BRIEF DESCRIPTION OF THE FIGURES
[0020] The following drawings are merely examples for illustrative
purposes according to various disclosed embodiments and are not
intended to limit the scope of the present invention.
[0021] FIG. 1 is a structural schematic diagram of an existing
touch display apparatus;
[0022] FIG. 2 is a structural schematic diagram of a touch panel in
some embodiments according to the present disclosure;
[0023] FIG. 3 is a partially enlarged schematic diagram of the
touch panel of FIG. 2;
[0024] FIG. 4 is a cross-sectional schematic diagram of a touch
panel in some embodiments according to the present disclosure;
and
[0025] FIG. 5 is a structural schematic diagram of a touch panel in
some embodiments according to the present disclosure.
DETAILED DESCRIPTION OF THE EMBODIMENTS
[0026] The disclosure will now be described more specifically with
reference to the following embodiments. It is to be noted that the
following descriptions of some embodiments are presented herein for
purpose of illustration and description only. It is not intended to
be exhaustive or to be limited to the precise form disclosed.
[0027] In-cell touch display apparatus is manufactured by
integrating touch electrodes on an inner side or an outer side of a
substrate of a liquid crystal display apparatus, such that the
display apparatus are made thinner and lighter. In the conventional
in-cell touch display apparatus, leads such as a touch signal line
connected with a touch electrode block and a sensing signal line
connected with a sensing electrode block are required to be
arranged in a peripheral area of the display apparatus. Since these
leads are generally made of a non-transparent metal material, they
are generally arranged within an area of a bottom frame and areas
of side frames, so as to avoid their impacts on light
transmittance. For this reason, three frames of the display
apparatus have a relatively large width, so the requirements for
frameless or narrow frame are hardly to be satisfied.

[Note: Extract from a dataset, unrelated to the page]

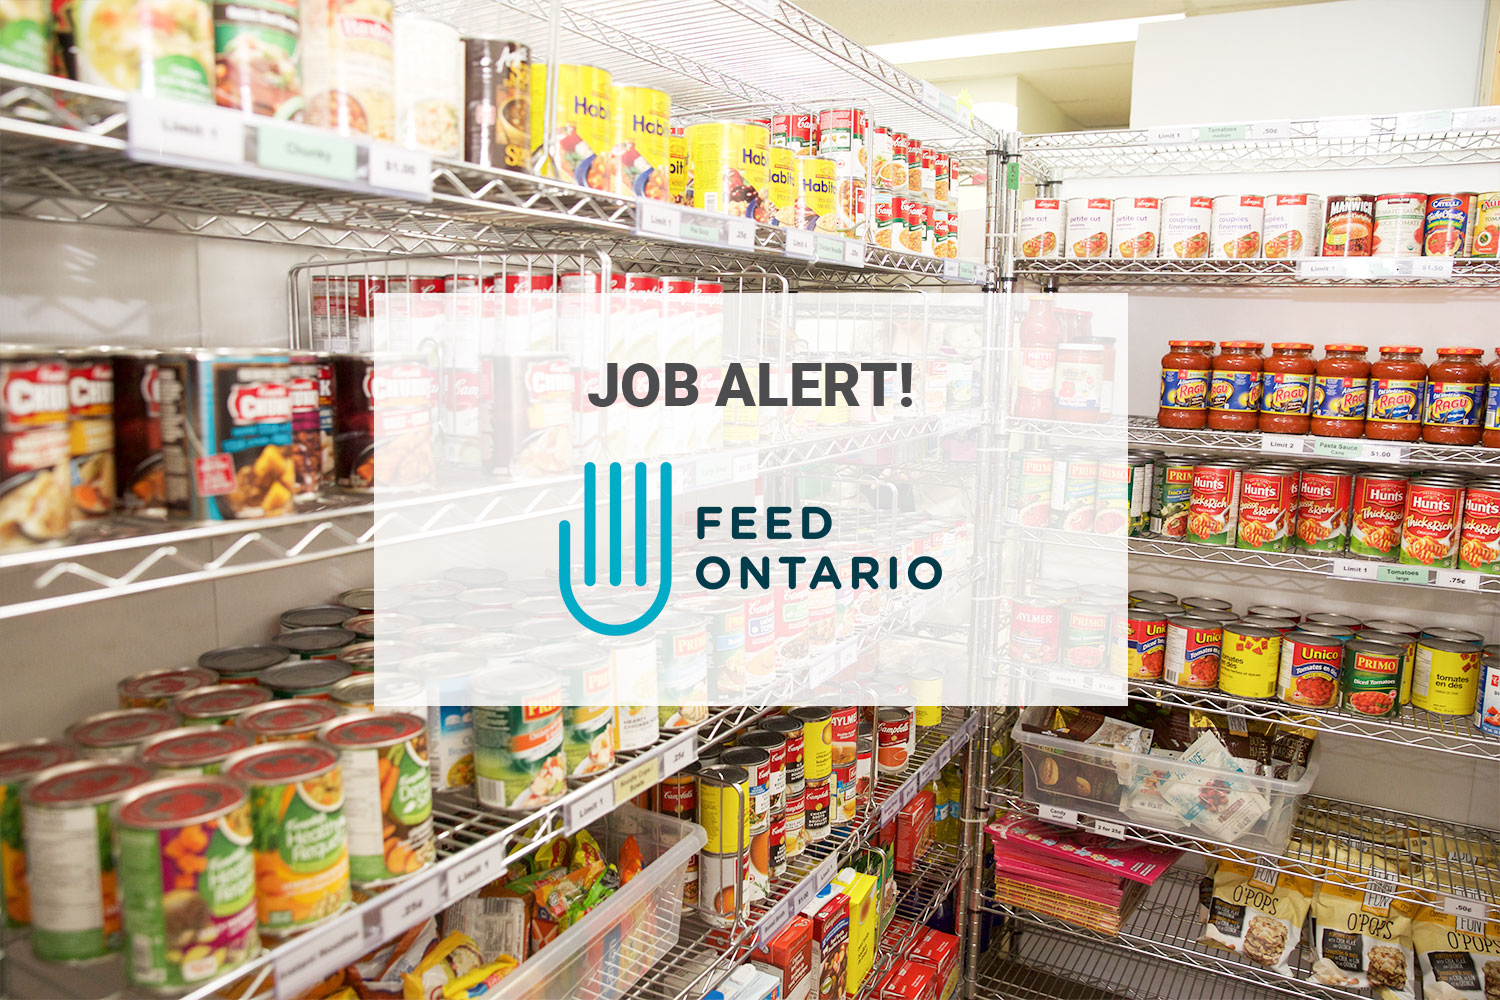 Feed Ontario is hiring

[0028] FIG. 1 is a structural schematic diagram of an existing
in-cell touch display apparatus. As illustrated in FIG. 1, the
touch display apparatus includes a touch area and a frame area
arranged surrounding the touch area, wherein the touch area has a
plurality of electrode blocks arranged in an array form, and the
plurality electrode blocks includes a plurality of touch electrode
blocks 11 arranged in a column direction and a plurality of sensing
electrode blocks 12 arranged in a row direction. Alternatively, the
plurality electrode blocks includes a plurality of touch electrode
blocks arranged in a row direction and a plurality of sensing
electrode blocks arranged in a column direction. Adjacent sensing
electrode blocks 12 are connected with each other through a
connection part arranged in the same layer as the sensing electrode
12, and adjacent touch electrode blocks 11 are connected with each
other through a connection bridge 3. The touch electrode block 11
is connected with a driving chip (not illustrated) through a touch
signal line 21, and the sensing electrode block 12 is connected
with the driving chip through a sensing signal line 22. Generally,
the touch signal line 21 and the sensing signal line 22 are made of
a non-transparent metal material. Generally, the sensing signal
lines 22 are provided at areas of the side frames and the touch
signal lines 21 are provided at an area of the bottom frame, so as
to avoid impacts on the light transmittance. As such, each of three
frames of the display apparatus have to reserve a space for
accommodating the sensing signal lines 22 or the touch signal lines
21. Because the sensing signal lines 22 and the touch signal lines
21 occupy spaces in these areas, frames at three sides of the
display apparatus have a relatively large width, as denoted by H in
FIG. 1. Thus, it is difficult for the existing in-cell touch
display apparatus to satisfy the requirements of frameless or
narrow frame.
[0029] Accordingly, the present disclosure provides, inter alia, a
touch panel, a manufacturing method thereof, and a display
apparatus having the same that substantially obviate one or more of
the problems due to limitations and disadvantages of the related
art. In one aspect, the present disclosure provides a touch panel,
including a touch area which includes a plurality of touch sensing
electrode blocks and a bonding area arranged at a side of the touch
area (e.g., at a bottom side of the touch area) and provided
therein with a touch chip. Each of the touch sensing electrode
blocks is electrically connected with at least one lead configured
to provide signal to the touch sensing electrode block, and the
lead is configured to pass through the touch area and extend out
from a side of the touch area close to the bonding area, thereby
connecting with the touch chip provided in the bonding area.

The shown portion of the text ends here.